In short, the log according to the definition of the different strategies and levels of output to different environments, so as to facilitate our analysis and management. On the contrary, you do not have the output of the strategy, then the machine more than one, over time, there will be a big mess of chaos log, you will not have time to start troubleshooting, so the log output strategy is to use log key points.

Reference: ref

Packaging / deployment

In the code design time it is best to different types of function modules in the IDE environment, coarse-grained into different projects, easy to play into different jar package deployed in different environments. There is such an application scenario: the need for regular daily remote access from the SP side of the day 100 news and part of the city’s weather forecast, although the amount of data per day is not much, but the front-end access to a large amount of clear, clearly in the system architecture Do read and write separation.

If the web project and the timing of the function of the module is fully concentrated in a project package, will lead to the need to expand each machine when there are both web applications and timers, because the functional modules are not separated, each machine has a timer Work will result in duplication of data inside the database.

If the development of the web and the timer will be divided into two projects, when the package can be deployed separately, 10 web corresponding to a regular device, decomposition of the front-end request pressure, the data will not be written to repeat.
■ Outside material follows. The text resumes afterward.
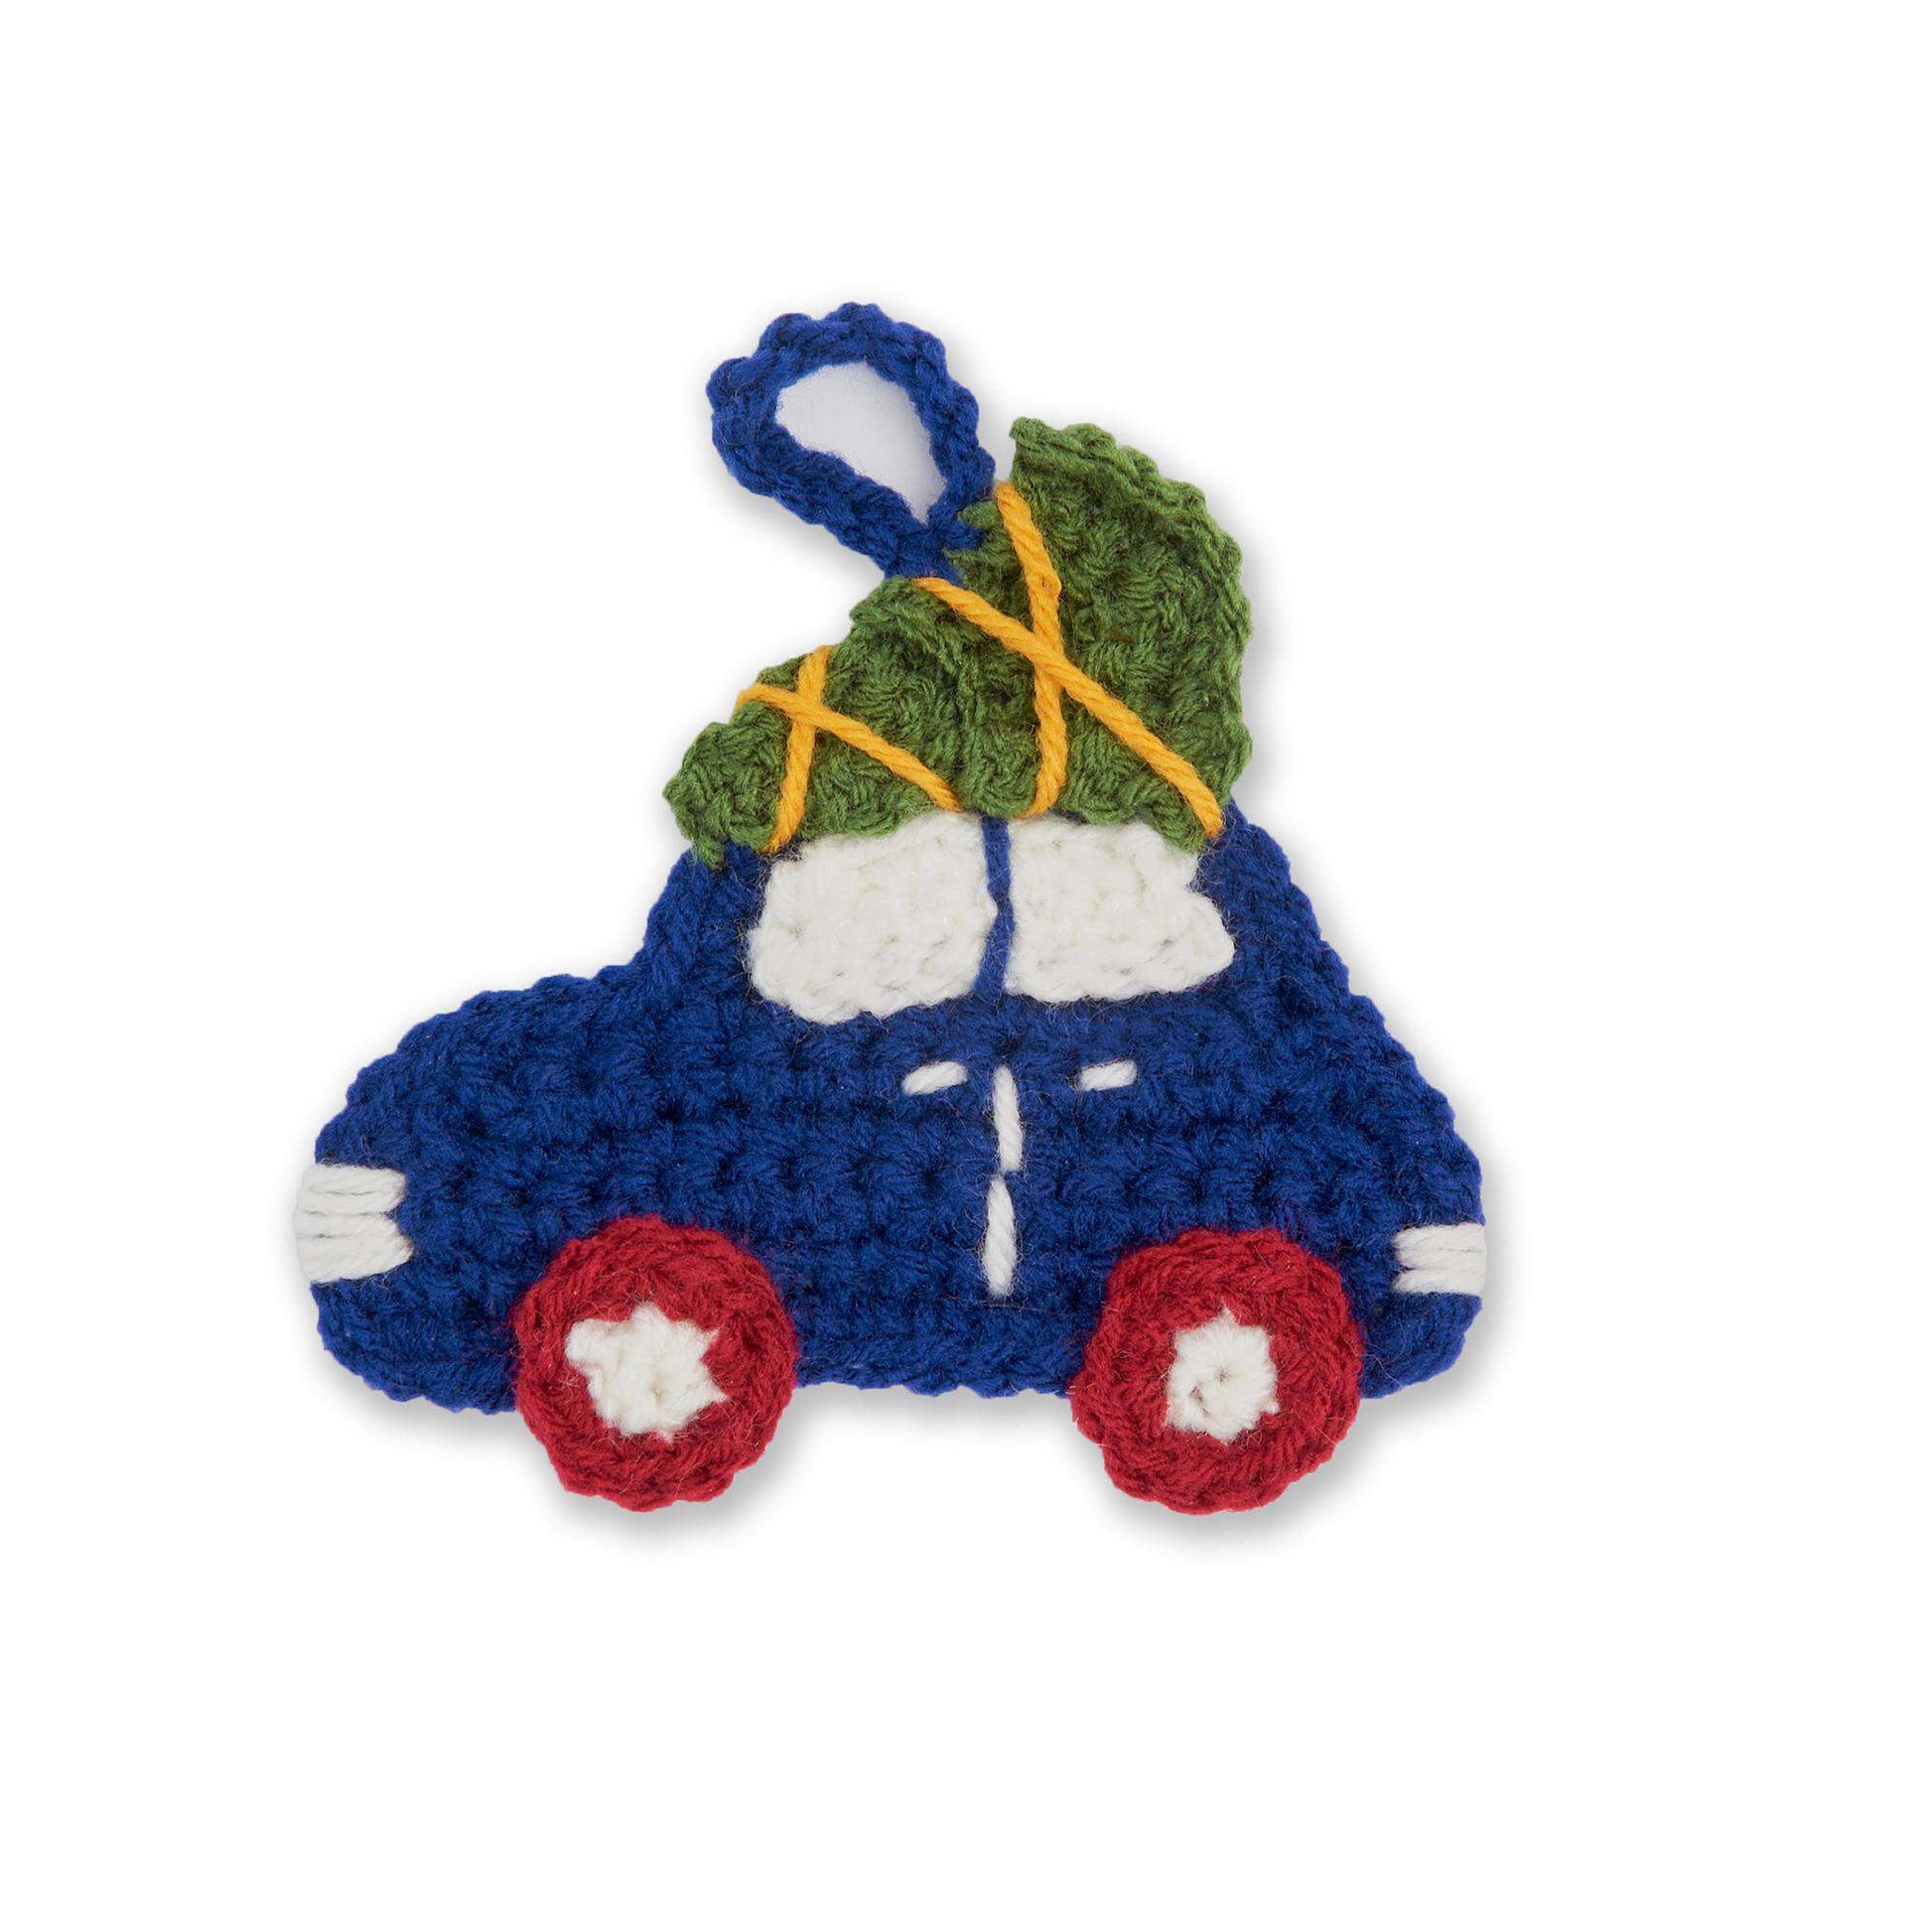 Christmas crochet Christmas tree car accessories, amigurumi car

Another advantage of this can be shared, in the above scenario, the web and the timer needs to be read on the database, then the web and timer projects have the operation of the database code, the logic of the code or feel chaotic messy. If you draw a DAL layer jar, web and timer application module developers need only reference the DAL layer jar, the development of business logic, interface-oriented programming, regardless of the specific database operation, the specific database operation by the other Developers to complete, you can in the development of the division of labor is very clear, and non-interference.

frame

The so-called popular SSH (Struts / Spring / Hiberanet) lightweight framework, for many small and medium-sized projects that are not lightweight, the developer not only need to maintain the code, also need to maintain cumbersome xml configuration file, and maybe Not written on the configuration file so that the whole project can not run. No configuration file can replace the SSH (struts / Spring / Hiberanet) framework of the product is really too much, I have introduced to you before a number of products (Ref).

I do not mean to use SSH (Struts / Spring / Hiberanet) framework, in my view SSH framework really is the normative development, and do not use the SSH (Struts / Spring / Hiberanet) framework can improve the number of performance.
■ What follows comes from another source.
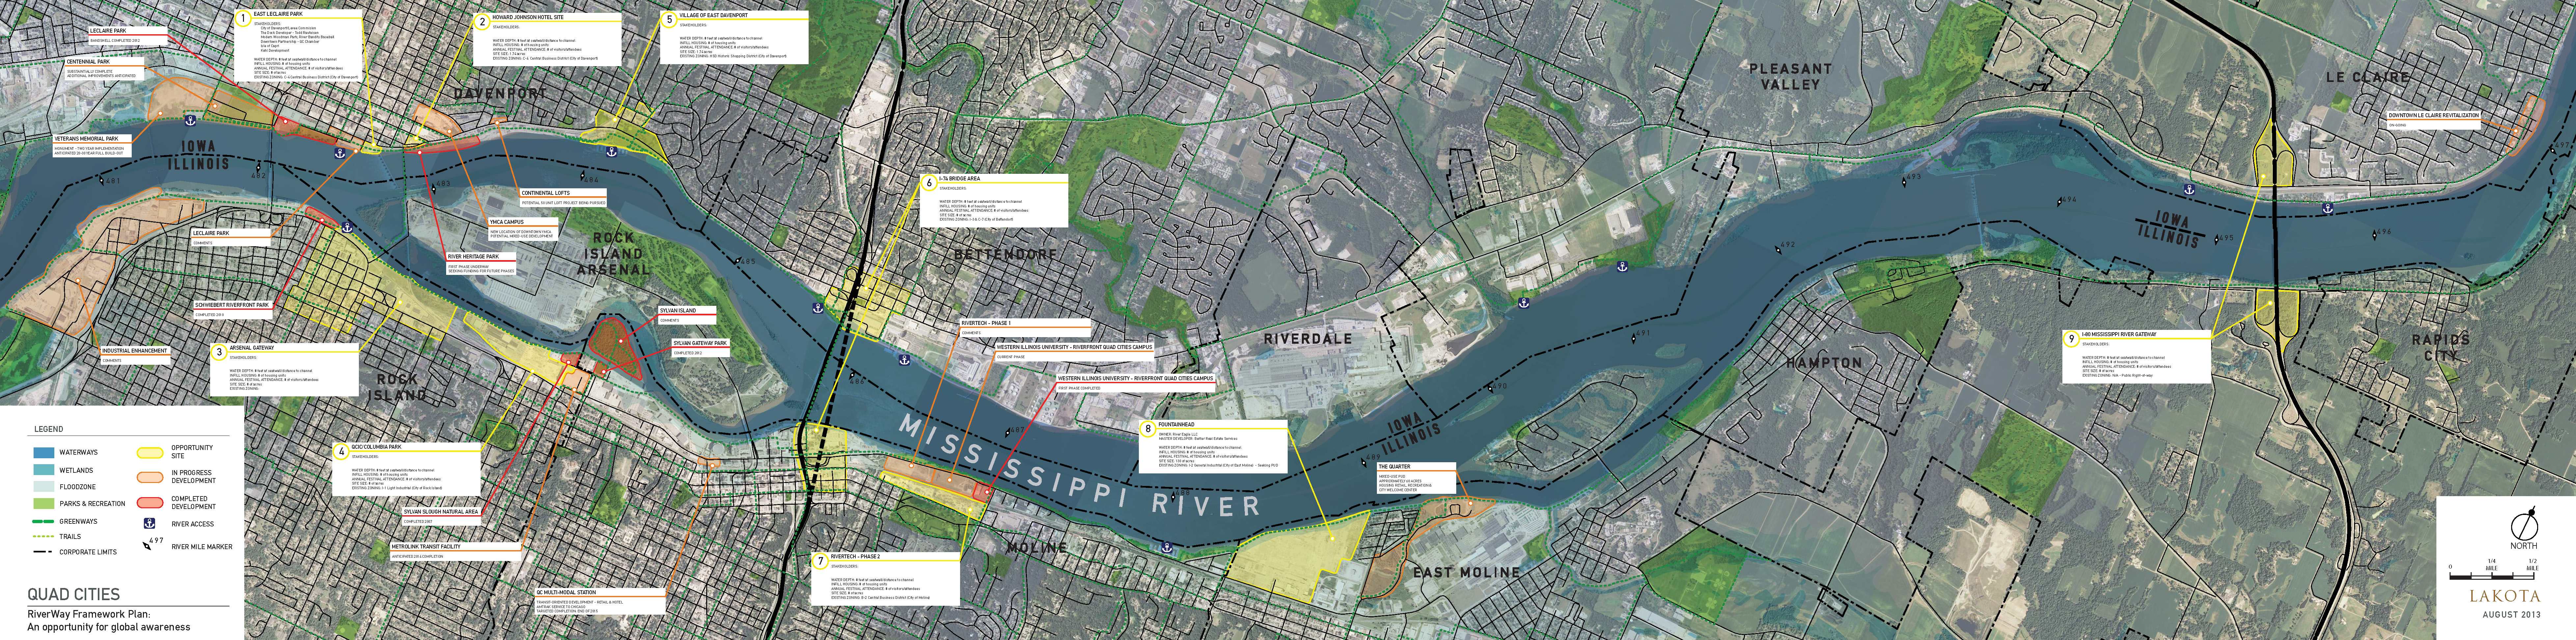 Riverfront Development Opportunities

SSH framework is only for a very large number of projects hundreds of teams, also need to continue to increase the size of the team, is the need to select some of the market are recognized and familiar with the technology, SSH (Struts / Spring / Hiberanet) framework More mature so it is the first product.

But for some of the small team in the middle of the technical team of experts can choose a more concise framework, the real speed of your development efficiency, early rejection of the SSH framework to choose a more concise technology in small team development is a A more informed choice.